SUMMARY OF THE INVENTION

[006] It would be preferable to determine the amount of coagulant to be added to soy milk for making tofu, so that instead of changing the concentration of soy milk, the final tofu product can retain a similar taste and texture.

[007] In this regard, in a first aspect of the invention, there is provided a method for producing tofu, the process comprising the steps of: obtaining the electrical conductivity of water; making soy milk from soybeans and water; detection of electrical conductivity of soy milk; and calculating the amount of coagulant to be added to soy milk, depending on the electrical conductivity of the water and the detected electrical conductivity of soy milk; and adding a coagulant to soy milk, depending on the amount calculated.

[008] In relation to the first object, the achieved electrical conductivity of the water and detected by the sensor (“detected”) the electrical conductivity of soy milk can affect the concentration of ingredients such as protein in soy milk. Thus, for each tofu production process, the calculation of the appropriate amount of coagulant according to the electrical conductivity of water and soy milk becomes real. The taste and texture of tofu can be constant regardless of the concentration of soy milk.

[009] In a preferred embodiment, the production step includes any of the following steps: detecting the electrical conductivity of water; extracting the electrical conductivity of water from data stored in memory; and receiving data on the conductivity of water.

[0010] In a preferred embodiment, the method provides several methods for producing the electrical conductivity of water. In the first method, the actual electrical conductivity of the water is determined; thus, the calculations are more accurate. In the second method, the total electrical conductivity in the target market can be stored in memory and then restored for calculation; such an implementation is simpler than the first method.
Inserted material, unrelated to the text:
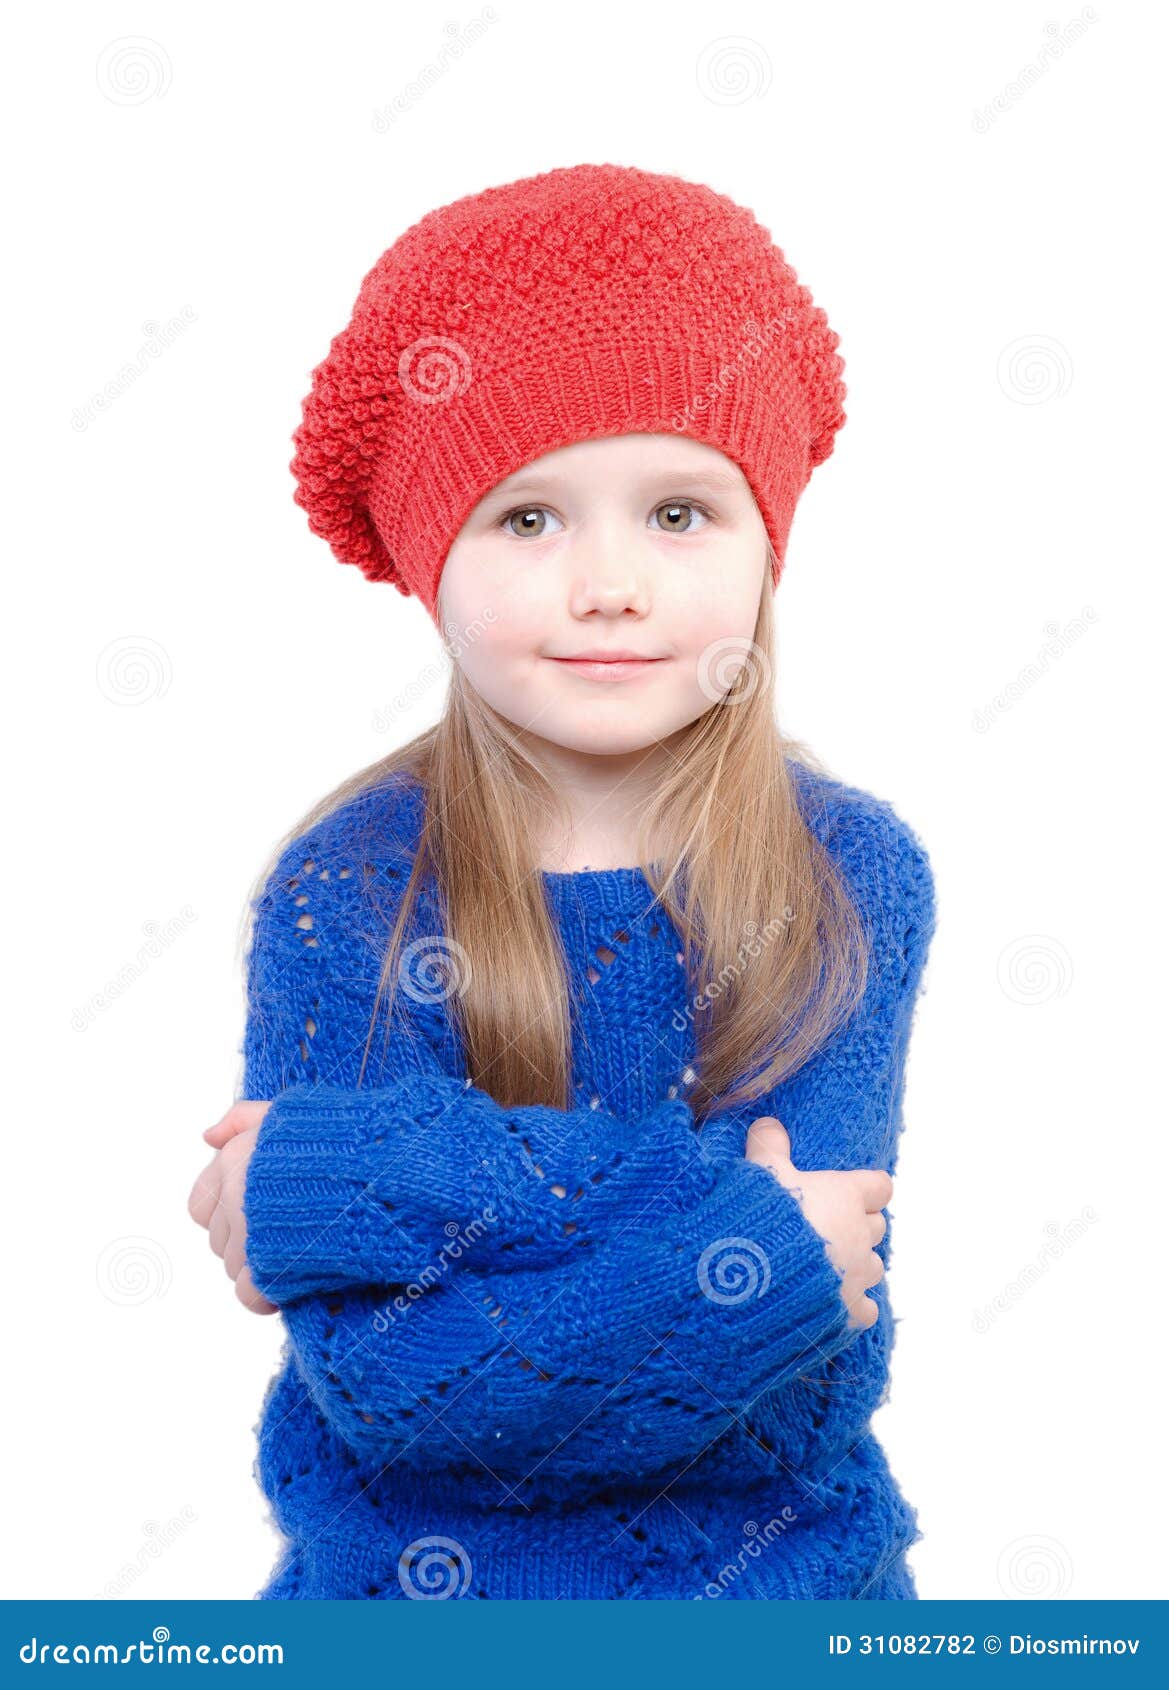 Little Girl In A Red Cap Smiles Stock Photography - Image: 31082782

In the third method, the conductivity of water can be achieved more flexibly: for example, it can be entered by the user or found on the Internet, for example, on the manufacturer’s website, designed to provide services to consumers.

[0011] In another preferred embodiment, the calculation step calculates the amount of coagulant according to the difference between the obtained electrical conductivity of water and the detected electrical conductivity of soy milk.

[0012] In this preferred embodiment, the difference between the two conductivity values more accurately reflects the total amount of dissolved solids in soy milk.

[0013] In yet another embodiment, the production step serves to produce raw soy milk from soybeans and water, and the method further includes the step of heating the raw soy milk to produce boiled soy milk; moreover, the detection stage serves to detect the electrical conductivity of raw soy milk or boiled soy milk.

[0014] In a preferred embodiment, measuring the electrical conductivity of raw soy milk provides a more accurate calculation of the total amount of dissolved solids in soy milk, since soy protein denaturation, accumulation, and undefined ionic reactions that alter the ion concentration and charges of the protein molecules are possible with the heating process, thus , affect the conductivity measurement.

[0015] In a second aspect, there is provided a device for producing tofu from soybeans and water, comprising: a first unit for producing electrical conductivity of water; a device for creating soy milk from soybeans and water; a first sensor for detecting the electrical conductivity of soy milk; a counting device for calculating the amount of coagulant to be added to soy milk, depending on the electrical conductivity of the water and the detected electrical conductivity of soy milk; and a second node for adding coagulant to soy milk, depending on the calculated amount.

[0016] In a third aspect, there is provided a method for controlling the amount of coagulant to be added to soy milk to produce tofu from soybeans and water, the method comprising the steps of: obtaining electrical conductivity of water; conductivity detection of soy milk; calculation of the amount of coagulant to be added to soy milk, depending on the obtained conductivity of the source water and the detected conductivity of soy milk.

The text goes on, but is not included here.